For the triangular distribution of $T = X_1 + X_2,$ which has support $(2\mu - 2, 2\mu + 2),$ find the number $\delta$ such that $$P(2\mu - 2 + \delta \le T \le 2\mu + 2 - \delta) = .95.$$ Draw a picture. Elementary geometry and algebra should suffice.

Then $\bar X = T/2,$ so that $$P(\mu - 1 + \delta/2 < \bar X \le \mu + 1 - \delta/2) = .95.$$

Finally, solve the inequality of the event so that you have $$P(\bar X -1 + \delta/2 \le \mu \le \bar X + 1 - \delta/2) = .95.$$ This is called 'pivoting'.

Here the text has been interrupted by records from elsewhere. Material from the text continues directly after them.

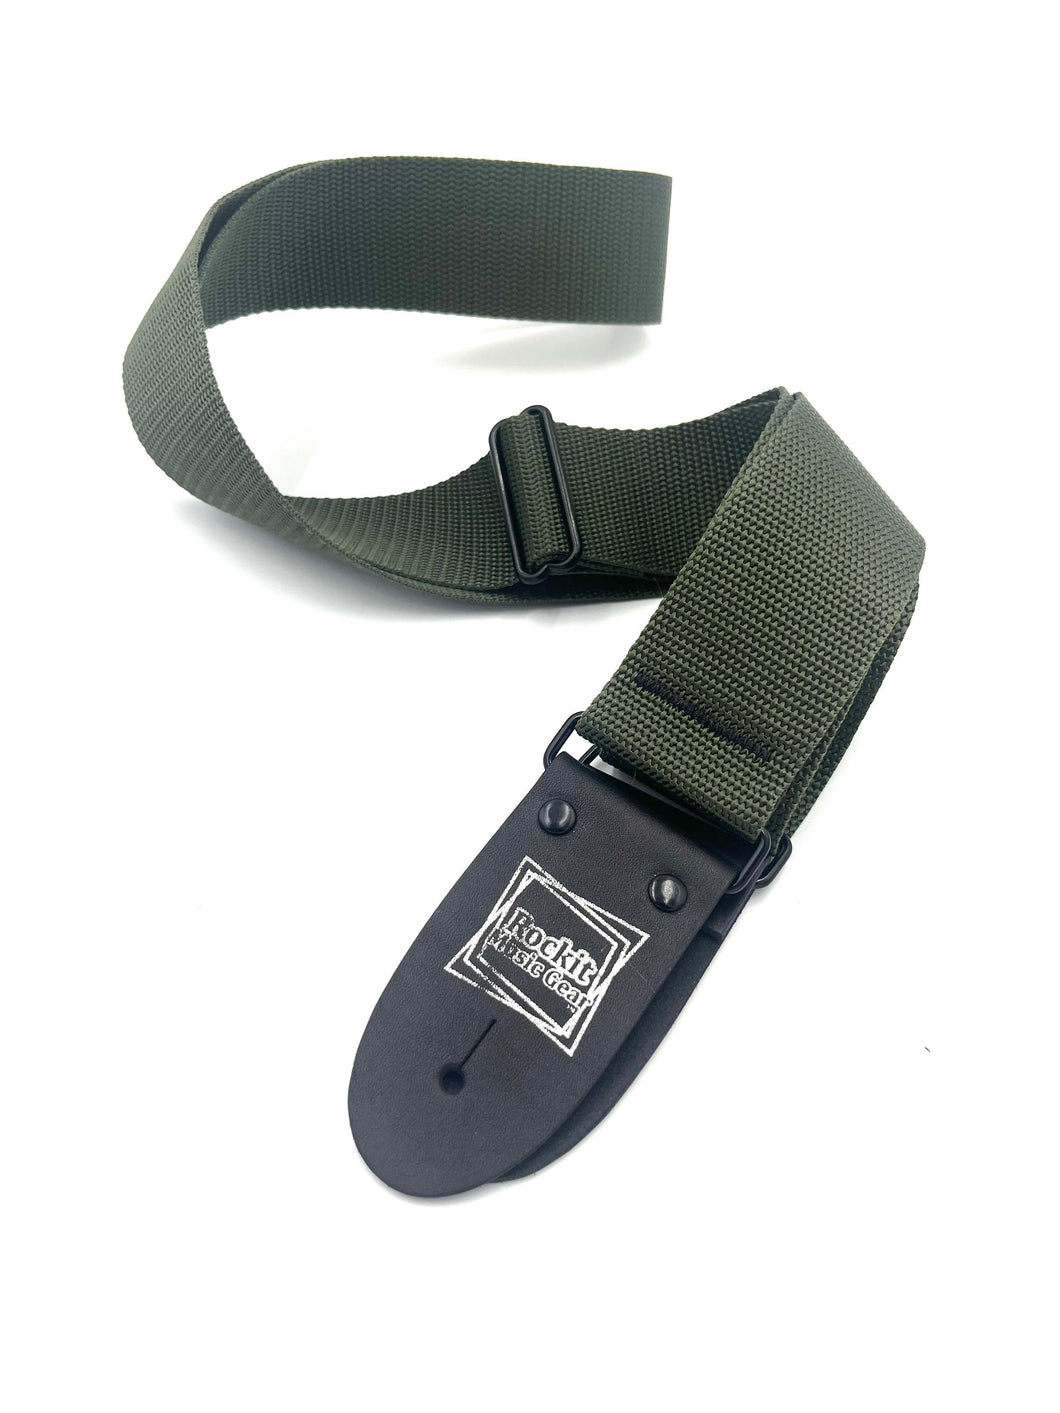 Rockit Music Gear 2 Inch Polypro Guitar Strap - Military Green
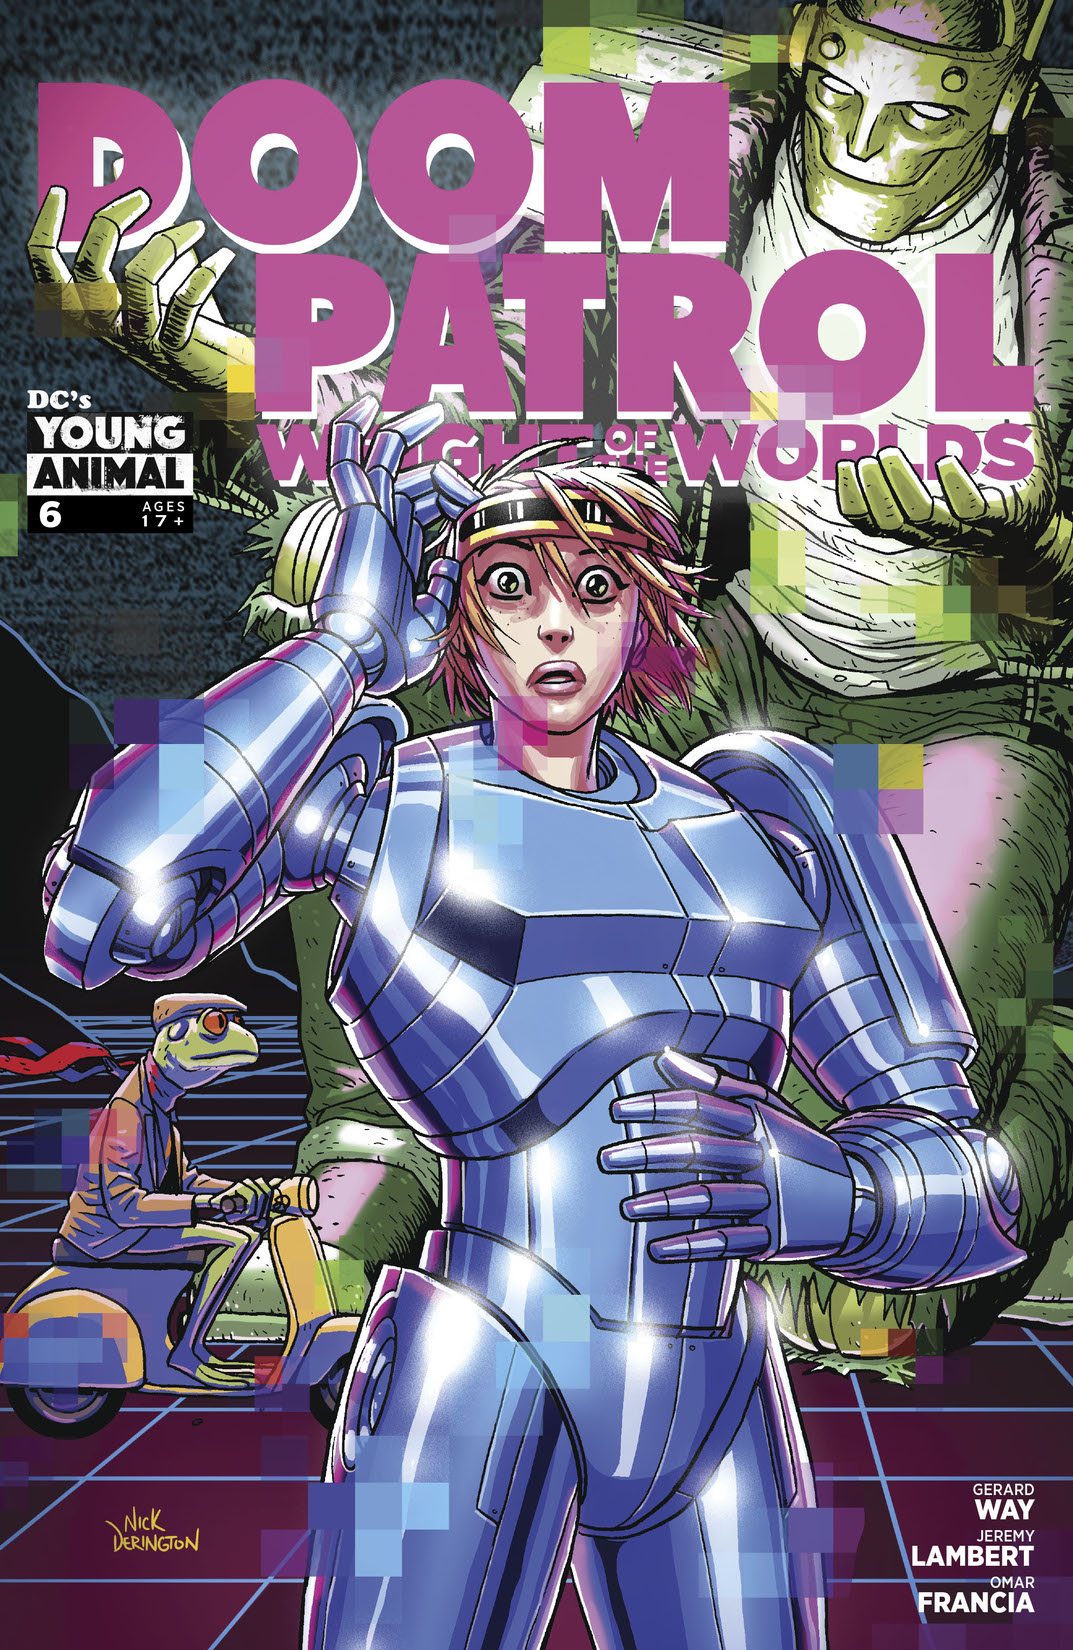 Doom Patrol: Weight of the Worlds #6 preview images
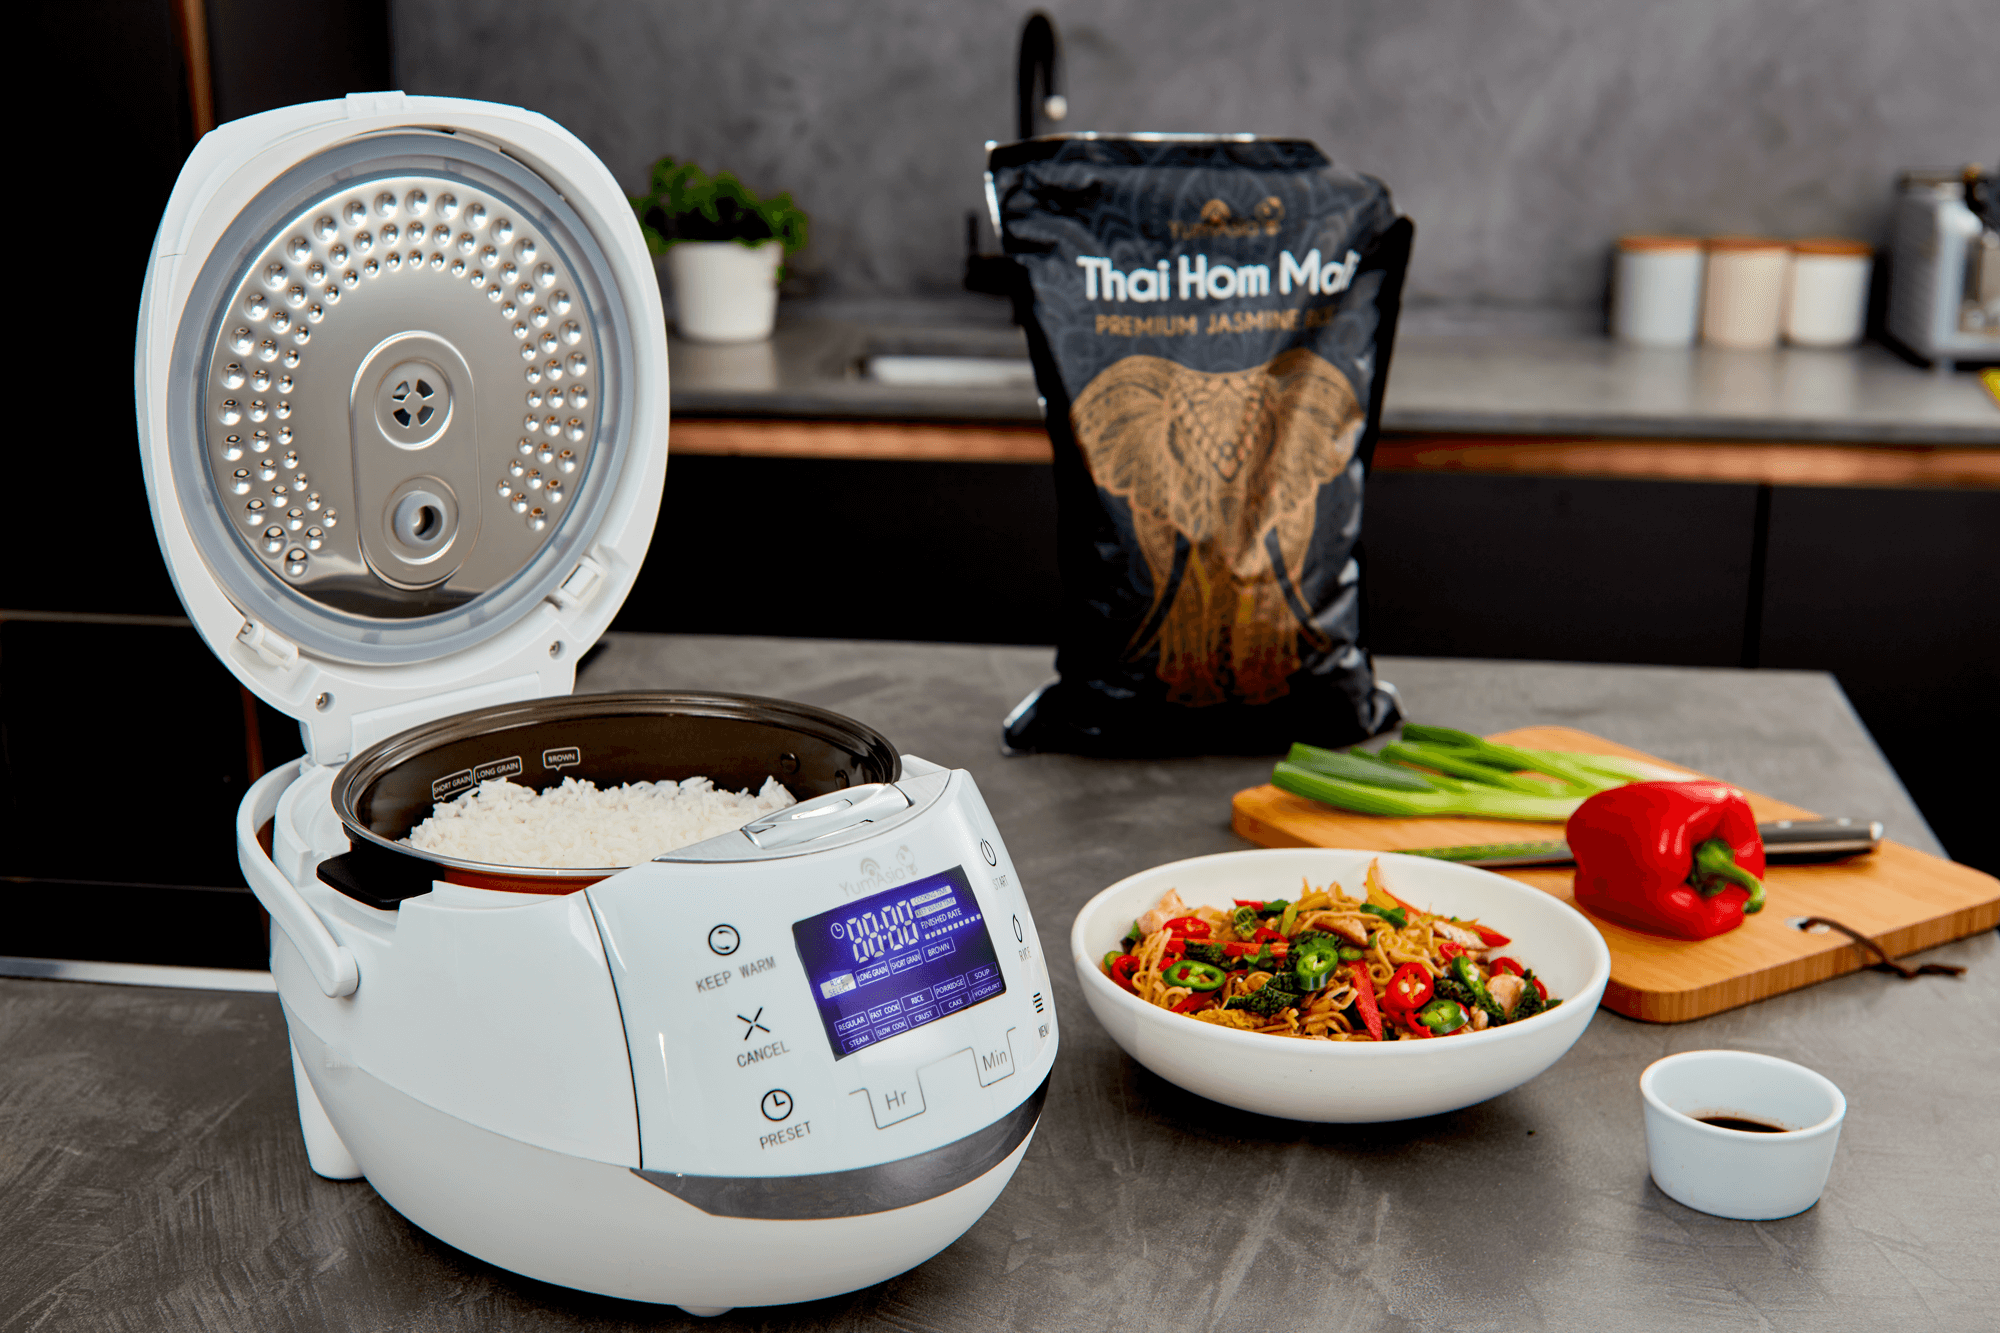 Rice Cooker Capacity Guide - Yum Asia USA – No.1 For Premium Rice Cookers
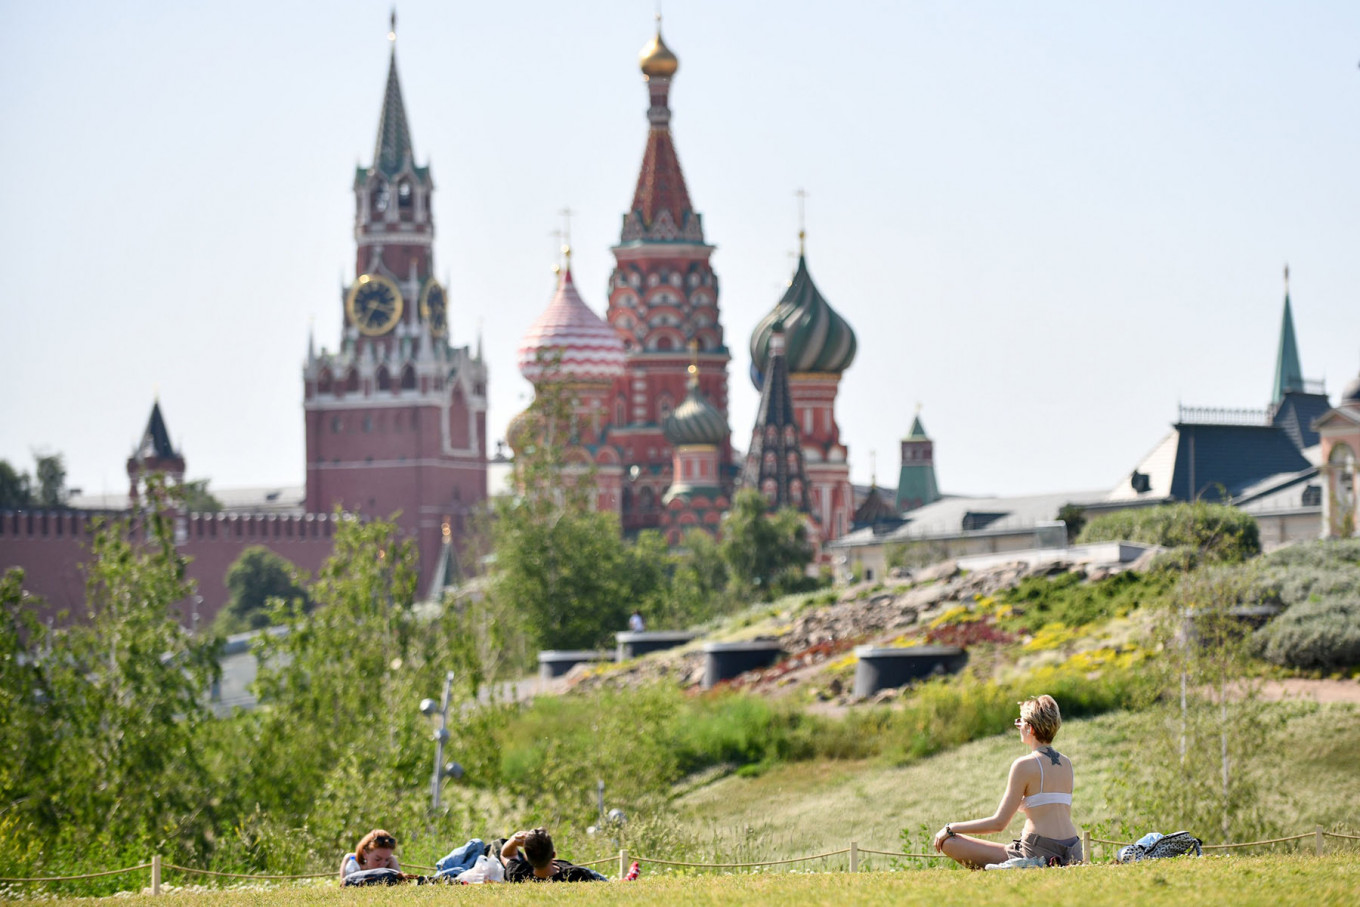 Moscow Sizzles in Record Temperatures - The Moscow Times
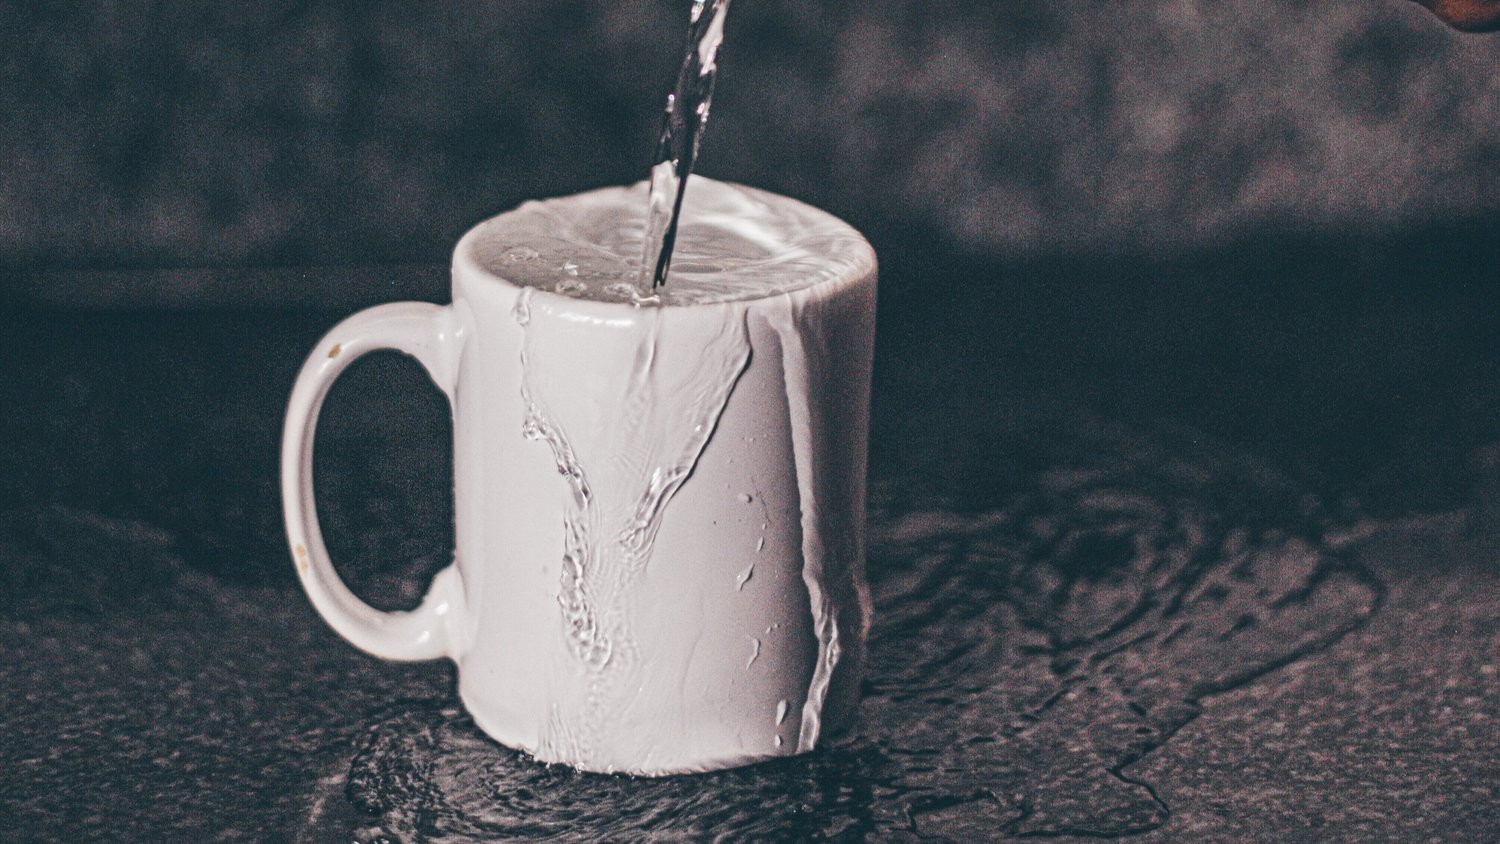 Photo by Luis Pimenttel: https://www.pexels.com/photo/person-pouring-water-on-white-ceramic-mug-9635654/
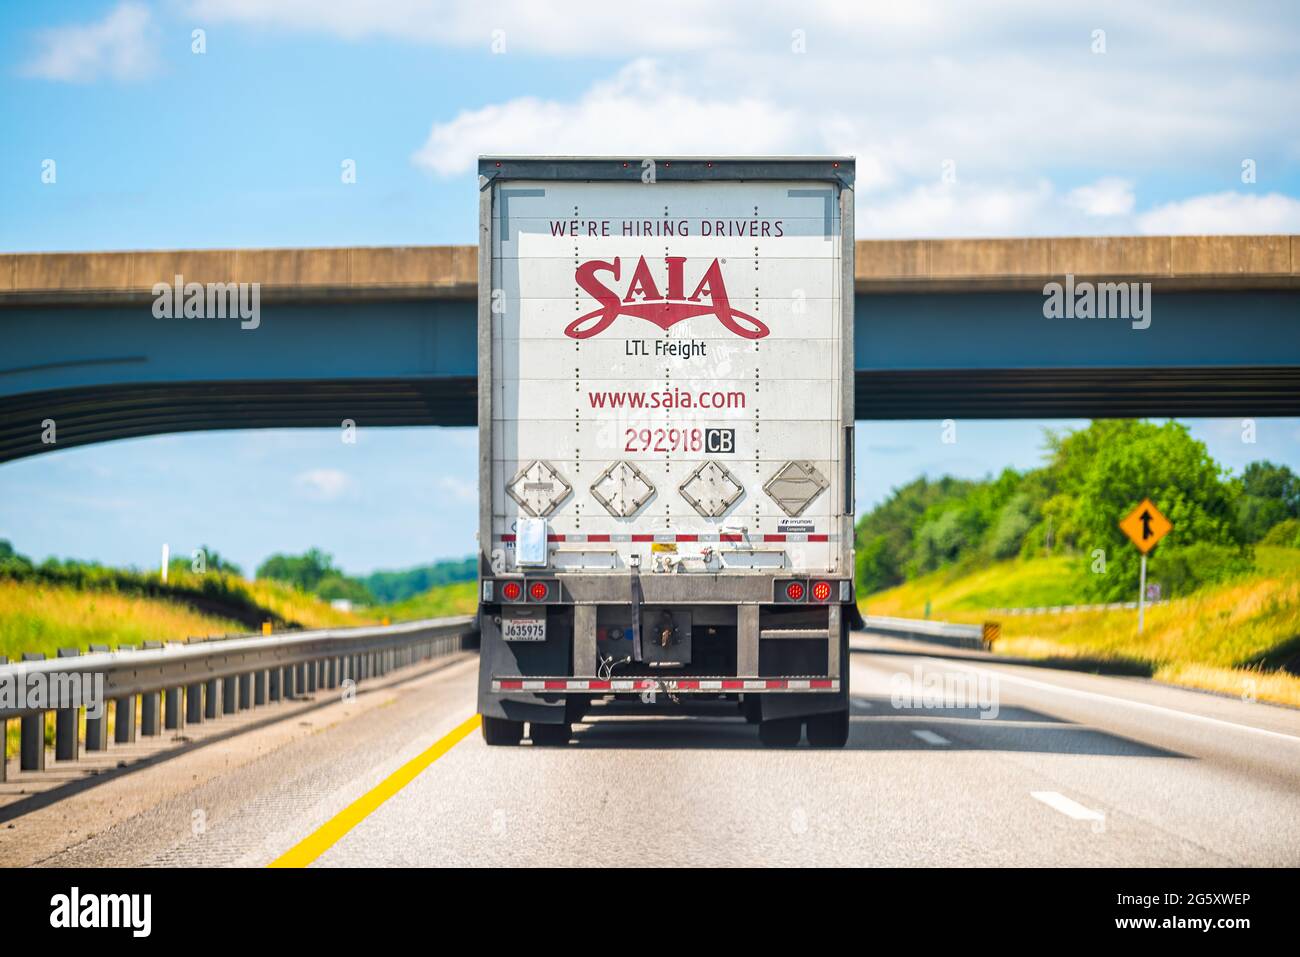 Lexington, USA - May 27, 2021: Highway road in Virginia with truck vehicle for Saia transport and sign for hiring drivers application on online websit Stock Photo

Finally, a 95% CI for $\mu$ is if the form $(\bar X - 1 +\delta/2, \bar X + 1 - \delta/2).$


Notes: (1) Just to check, I used my $\delta,$ del in the code, to simulate (in R) using $\mu = 5$ to see what proportion of a million such confidence intervals $(L,U)$ actually covers $\mu.$ Answer is consistent with 95%.

set.seed(324)
mu = 5;  del = sqrt(.2)       # How to evaluate 'del'?
x1 = runif(10^6, mu-1, mu+1)
x2 = runif(10^6, mu-1, mu+1)
a = (x1 + x2)/2  # mean
L = a - 1 + del/2
U = a + 1 - del/2
mean(L < mu & U > mu)
## 0.950169

(2) If $T$ is the sum of, say, $n = 10$ or more observations, then the distribution of $T$ is nearly normal (instead of triangular) with mean and SD that are fairly easy to find. Then you can use an appropriate CI based on a good normal approximation.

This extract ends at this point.